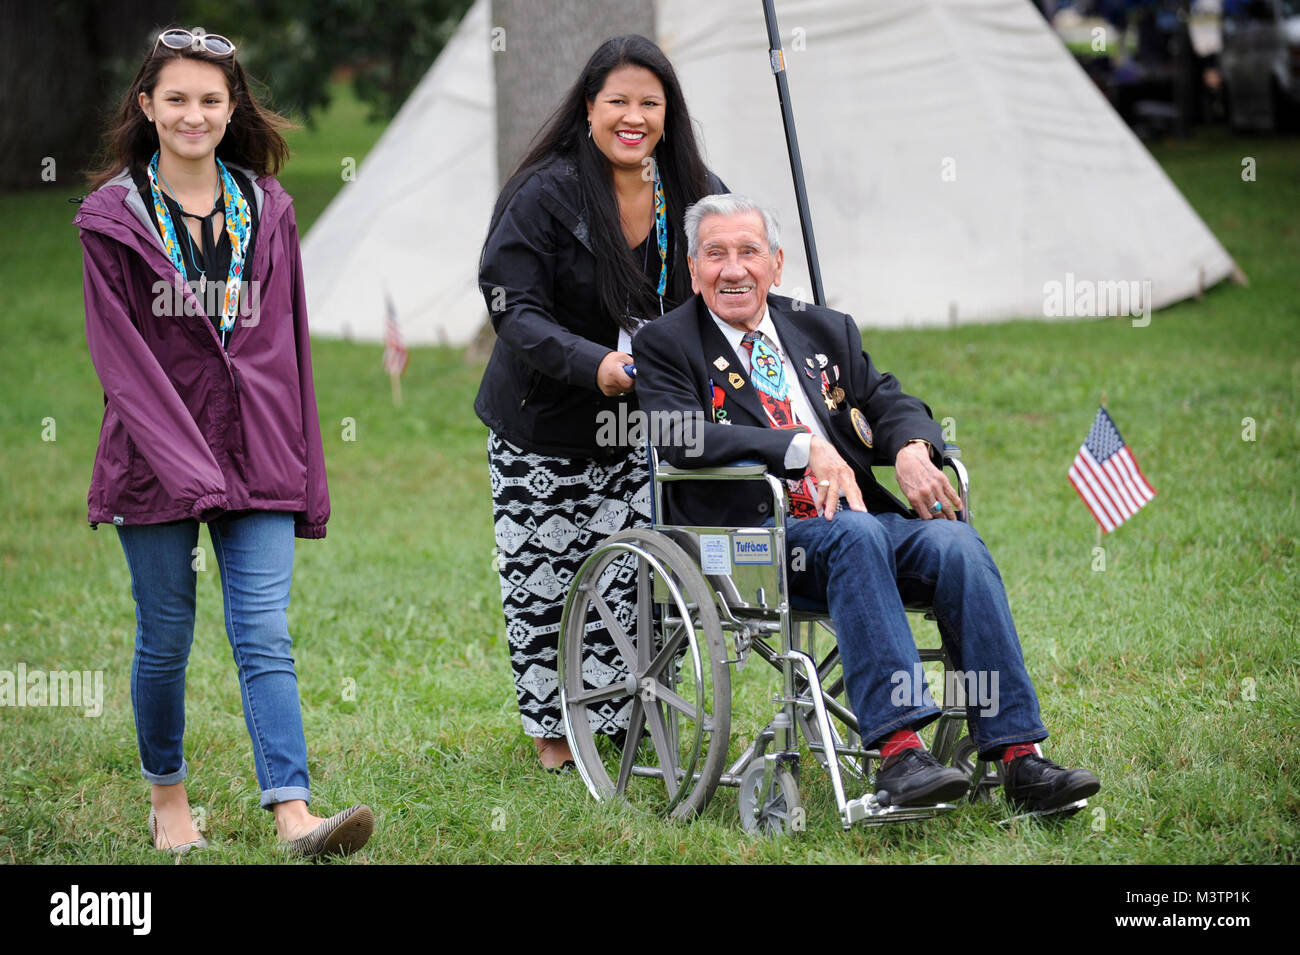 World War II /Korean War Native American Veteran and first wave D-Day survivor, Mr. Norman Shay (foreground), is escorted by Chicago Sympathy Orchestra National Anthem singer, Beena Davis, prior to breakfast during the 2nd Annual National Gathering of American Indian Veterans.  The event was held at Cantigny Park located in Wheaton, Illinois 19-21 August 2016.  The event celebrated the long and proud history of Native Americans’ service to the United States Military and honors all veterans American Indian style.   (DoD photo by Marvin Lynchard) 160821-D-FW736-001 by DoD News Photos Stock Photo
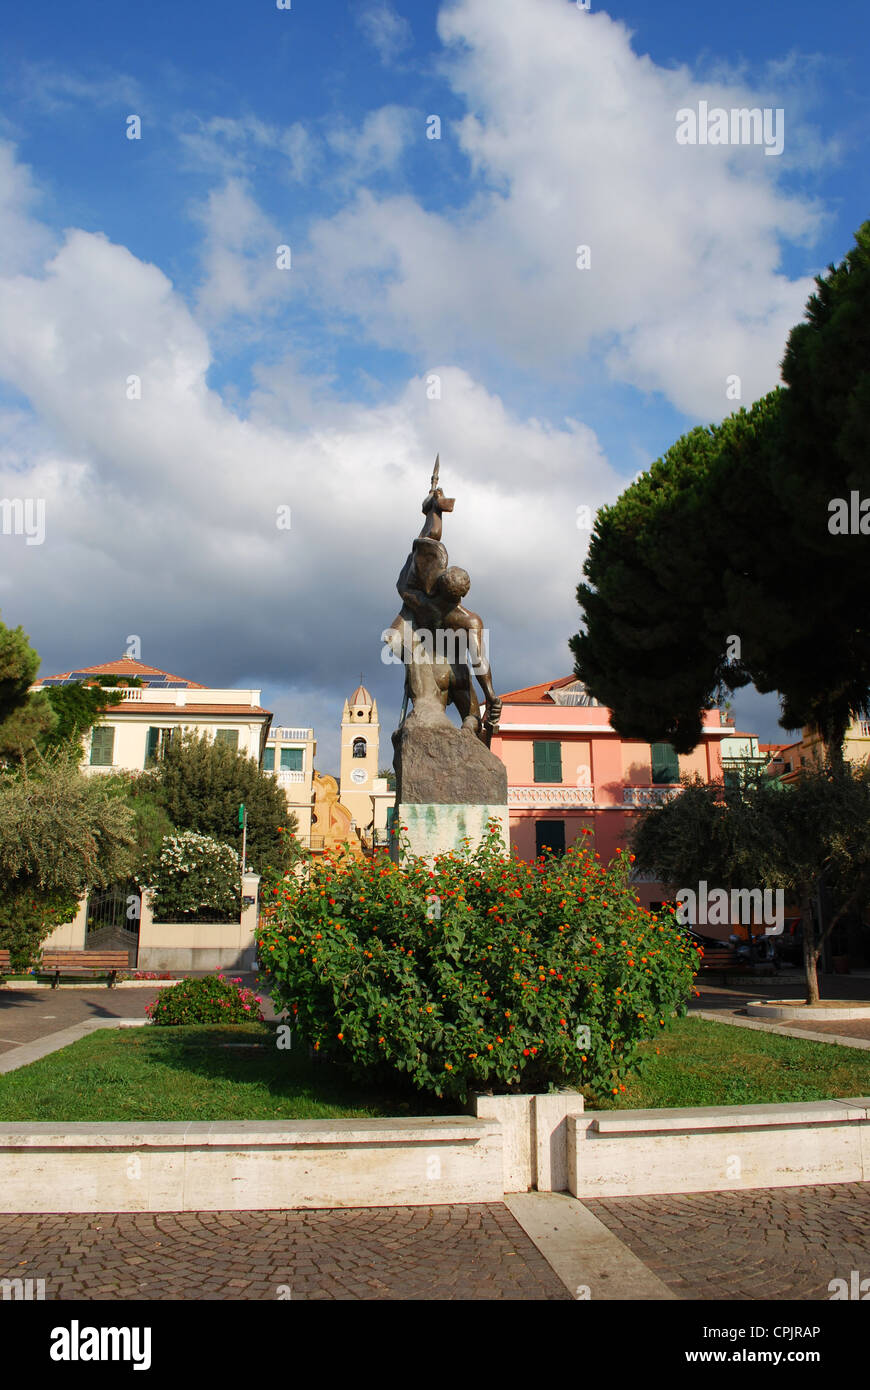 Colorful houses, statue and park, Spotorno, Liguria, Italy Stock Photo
* * *
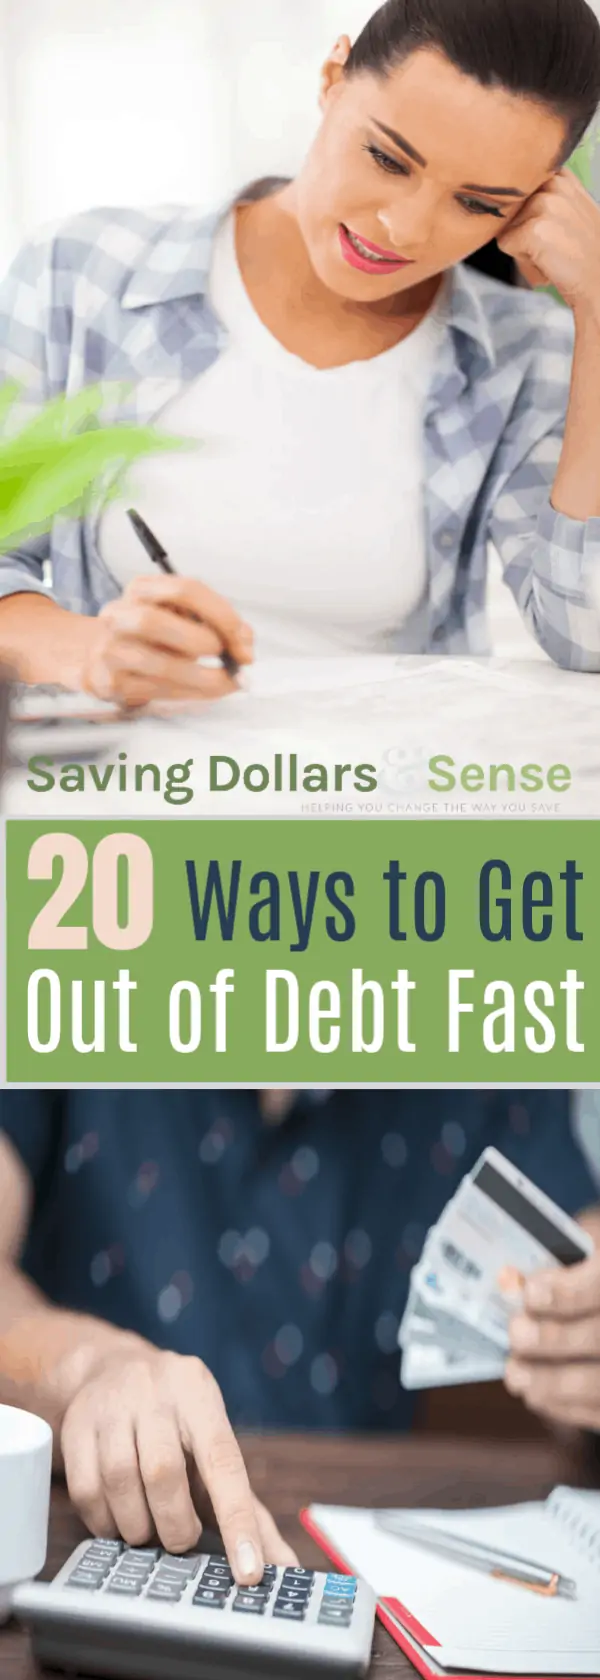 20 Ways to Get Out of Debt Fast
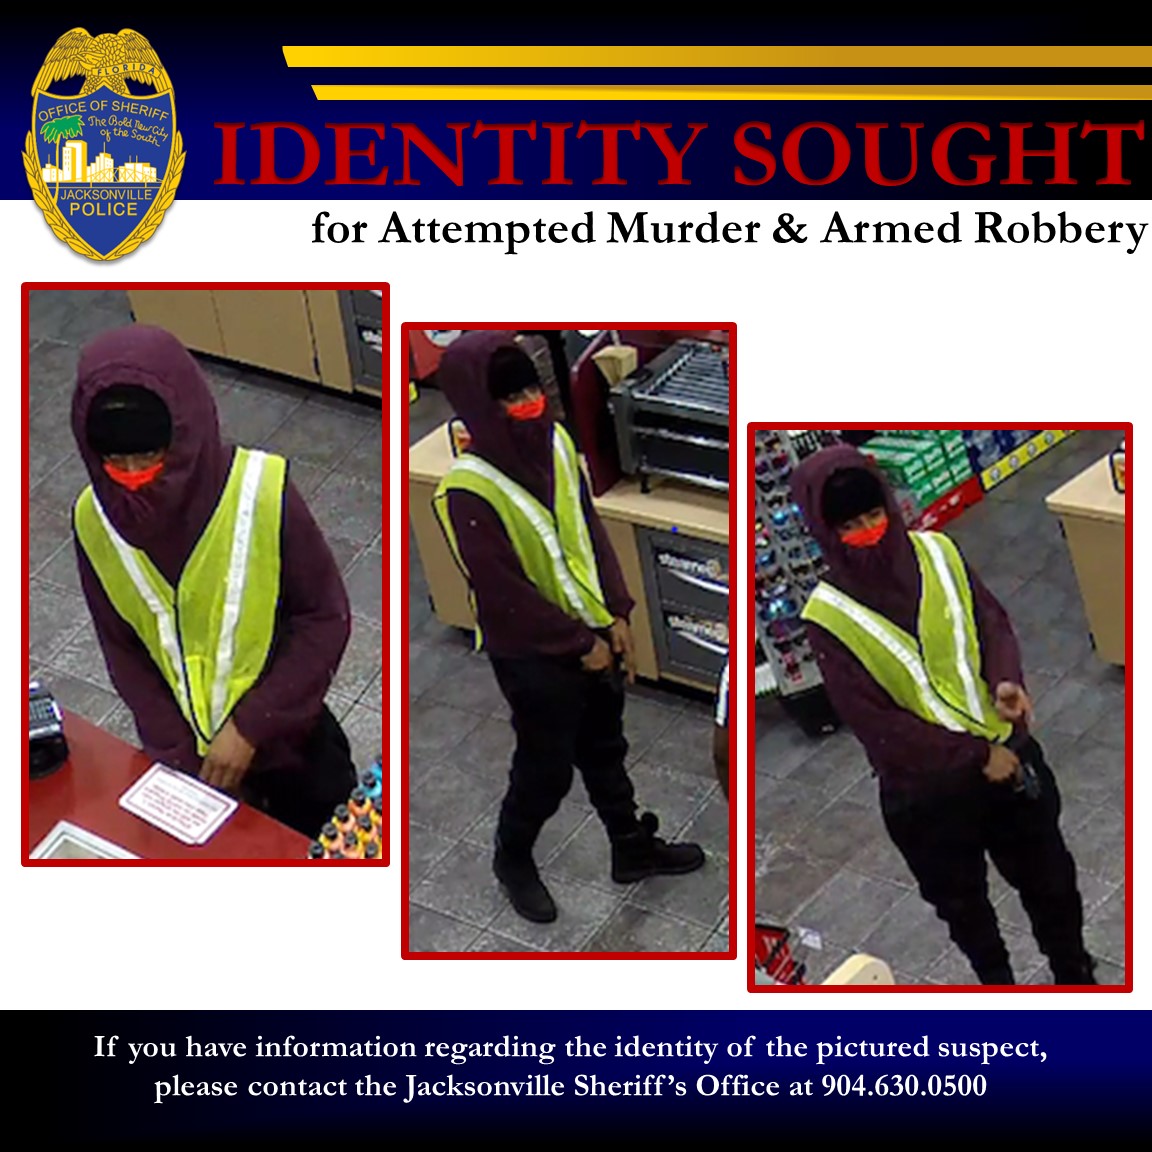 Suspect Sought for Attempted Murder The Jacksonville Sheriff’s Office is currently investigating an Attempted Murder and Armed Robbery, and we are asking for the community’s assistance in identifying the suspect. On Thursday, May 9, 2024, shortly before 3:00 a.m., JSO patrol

• **YOUR ASSIGNMENT**:
Now transcribe the lines above exactly, starting at the line containing "World War II" and ending at the line containing "Colorful houses, statue", both lines included, pictures excluded.

• **FINISHED EXERCISE**:
 World War II /Korean War Native American Veteran and first wave D-Day survivor, Mr. Norman Shay (foreground), is escorted by Chicago Sympathy Orchestra National Anthem singer, Beena Davis, prior to breakfast during the 2nd Annual National Gathering of American Indian Veterans.  The event was held at Cantigny Park located in Wheaton, Illinois 19-21 August 2016.  The event celebrated the long and proud history of Native Americans’ service to the United States Military and honors all veterans American Indian style.   (DoD photo by Marvin Lynchard) 160821-D-FW736-001 by DoD News Photos Stock Photo
 Colorful houses, statue and park, Spotorno, Liguria, Italy Stock Photo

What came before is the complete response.